/Last update -- 24 Dec 2019/
A background context -- opportunities and challenges
Current widespread interest towards artificial intelligence (AI) and its numerous research and commercial successes was largely catalyzed by several landmark breakthroughs in 2012, when researchers at the University of Toronto achieved unprecedented improvement in the image classification challenge ImageNet, using their deep neural network “AlexNet” running on graphics processing units (GPUs), and when that same year Google’s deep neural network managed to identify a cat from millions of unlabeled Youtube videos, representing a conceptual step in unsupervised machine learning.
Nowadays, AI is commercially used in countless applications across various industries, ranging from surveillance, finance, marketing, automation, robotics, driverless cars etc. Pharmaceutical industry appeared to be a relative late adopter of AI tech, but the progress here is catching up rapidly now, for example, there were more research publications on the “AI for drug discovery” in 2018 alone, than in all previous years combined.

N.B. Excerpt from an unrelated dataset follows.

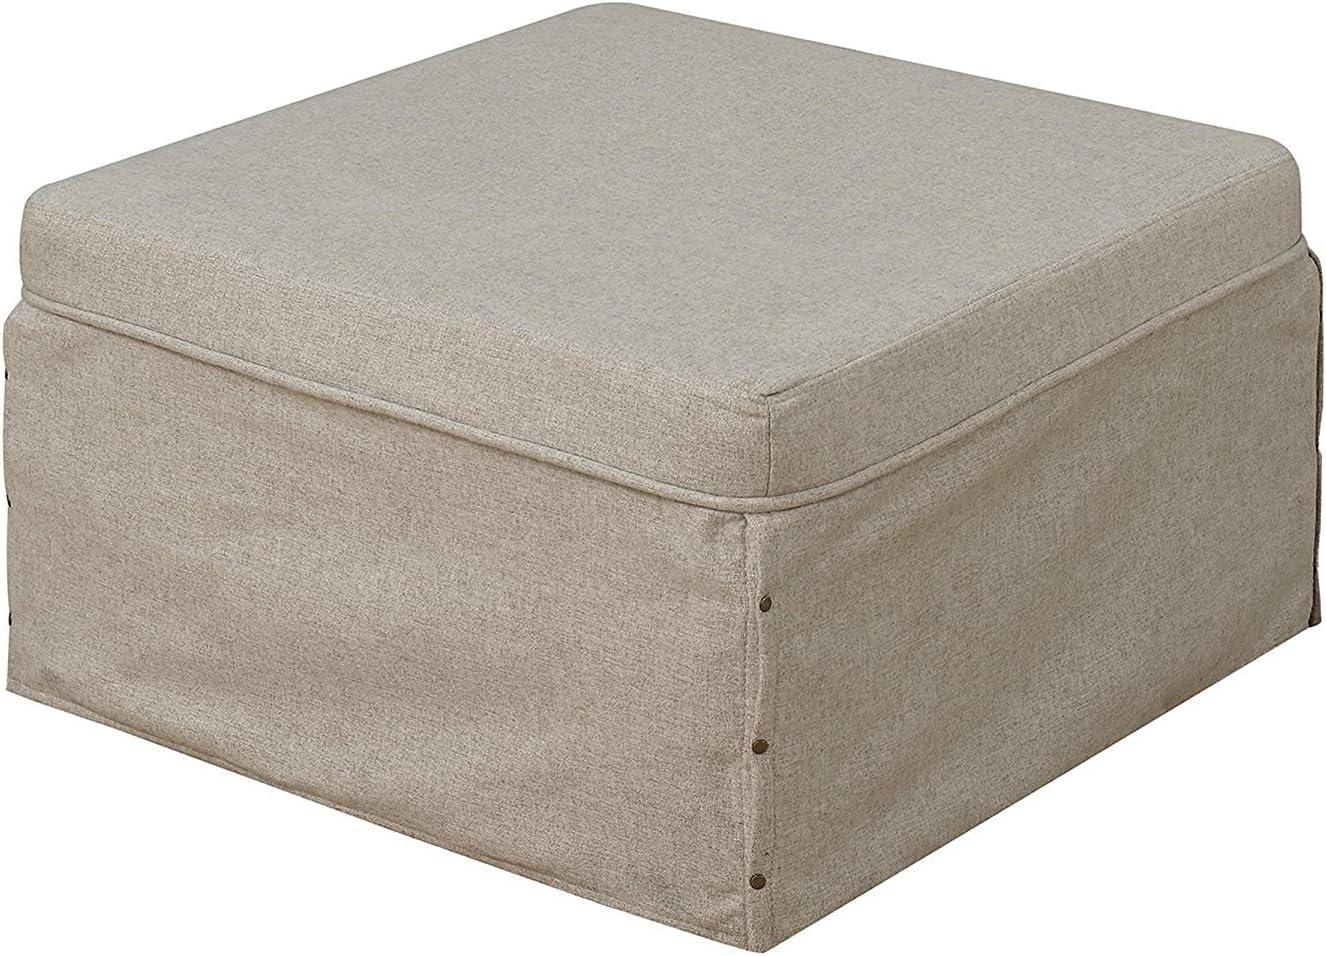 - Amazon.com: Convenience Concepts Designs4Comfort Folding Bed

However, there is a major bottleneck in the application of deep learning (the current “workhorse” of modern AI) -- the need for large amounts of clean and properly linked data. The famous dataset ImageNet, which led to the AlexNet’s success, included 15 million labeled high-resolution images in over 22,000 categories, which represented a high-quality big data set. While in some cases obtaining clean data in large volumes is a manageable task, like in the case of speech recognition, in other cases data is scarce and disperse across multiple poorly linked sources -- which is the case in life sciences industry. Surprisingly, there is a tendency to overestimate the amount of available quality data in the pharmaceutical industry. Not only a lot of research data in drug development is in many cases poorly validated, but even properly validated data in a possession of numerous biopharma companies might not be easily available due to an inherent and strict code of secrecy, defined by severe competition among drug makers. In this situation, combining enough drug development data from multiple organizations and projects to really take advantage of AI/ML technologies on a global scale becomes a considerable challenge for the industry.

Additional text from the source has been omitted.